Exercise instructions: The entries below contain a stretch that opens with the line containing "Metalen plafondlamp - Benno" and closes with the line containing "Victors tire service"; set down that stretch exactly, both ends included, and nothing else.

Data extract:

______

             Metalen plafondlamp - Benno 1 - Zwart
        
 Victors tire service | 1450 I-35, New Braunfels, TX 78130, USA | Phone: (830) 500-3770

______

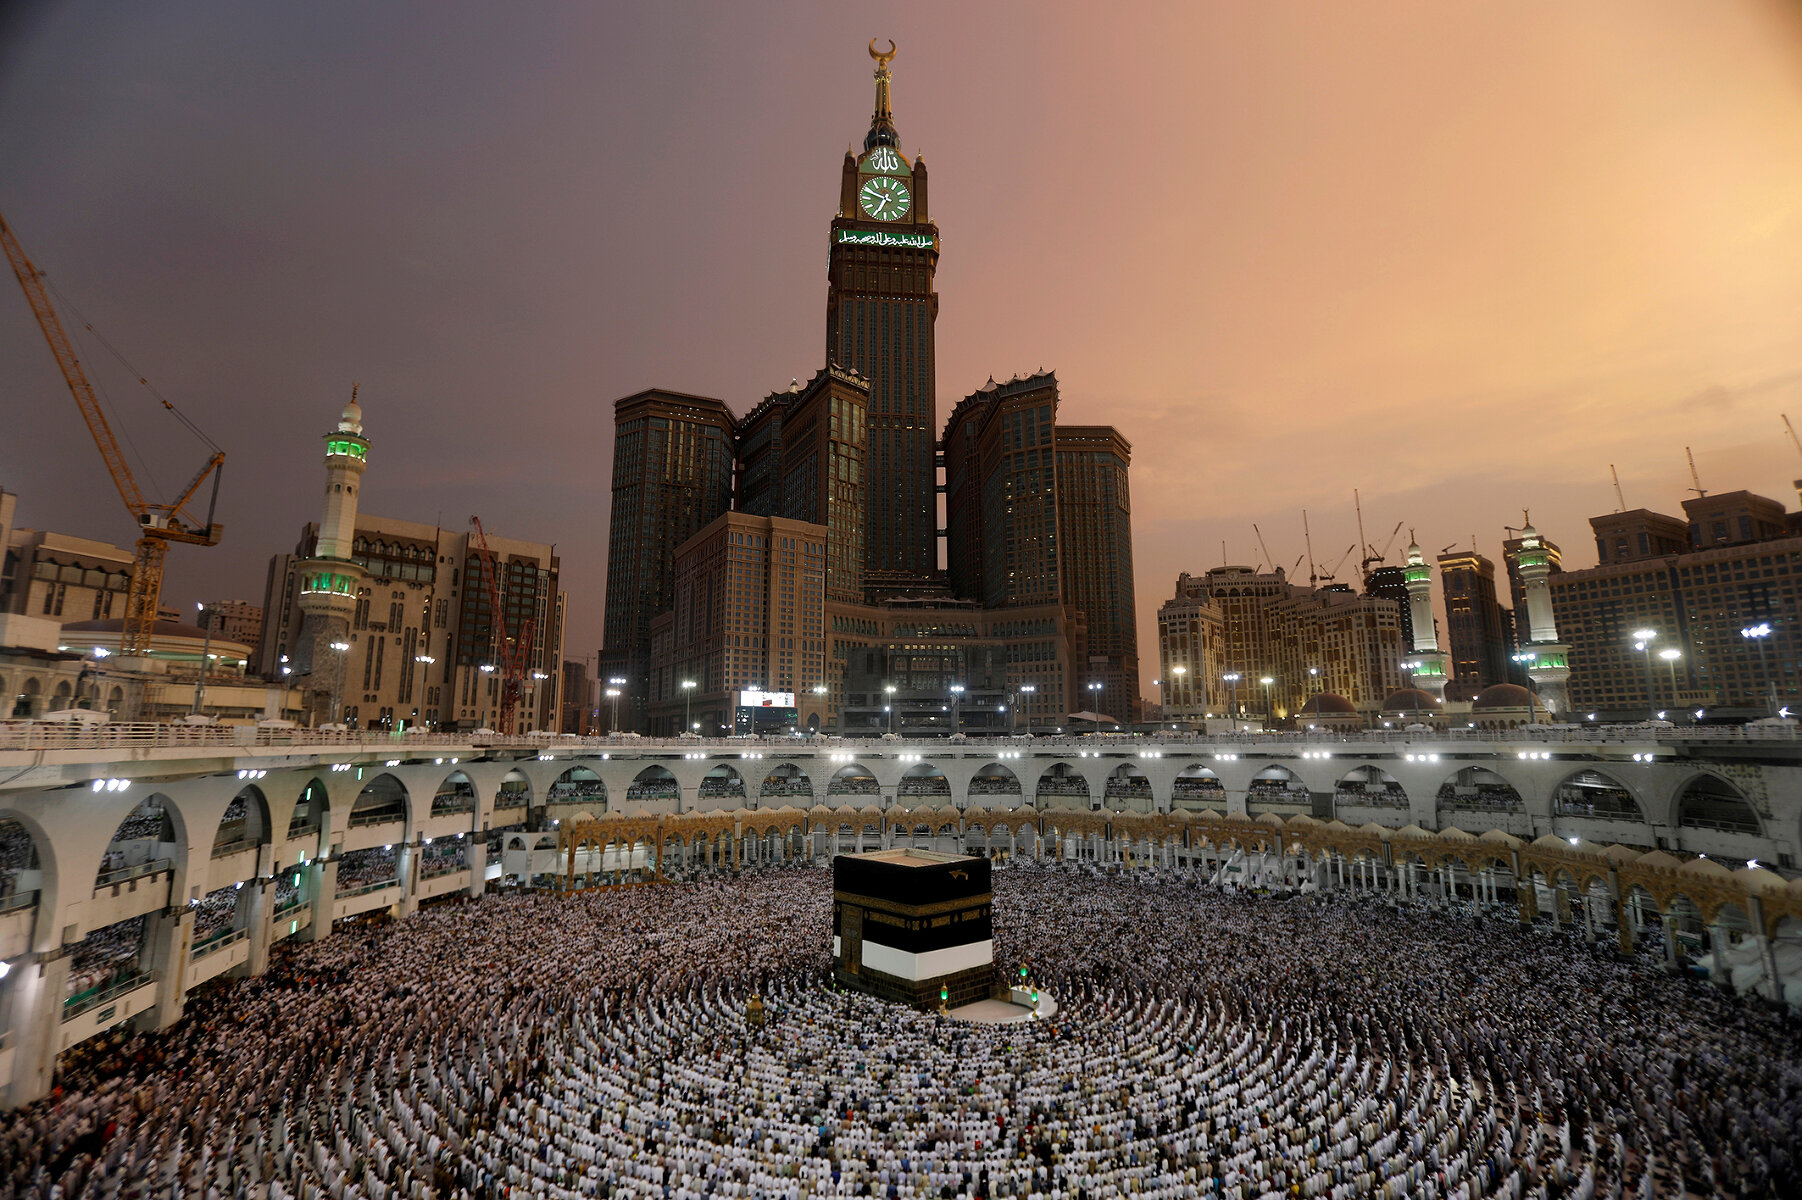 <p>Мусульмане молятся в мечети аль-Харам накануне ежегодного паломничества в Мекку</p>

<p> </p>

______

Response area:
             Metalen plafondlamp - Benno 1 - Zwart
        
 Victors tire service | 1450 I-35, New Braunfels, TX 78130, USA | Phone: (830) 500-3770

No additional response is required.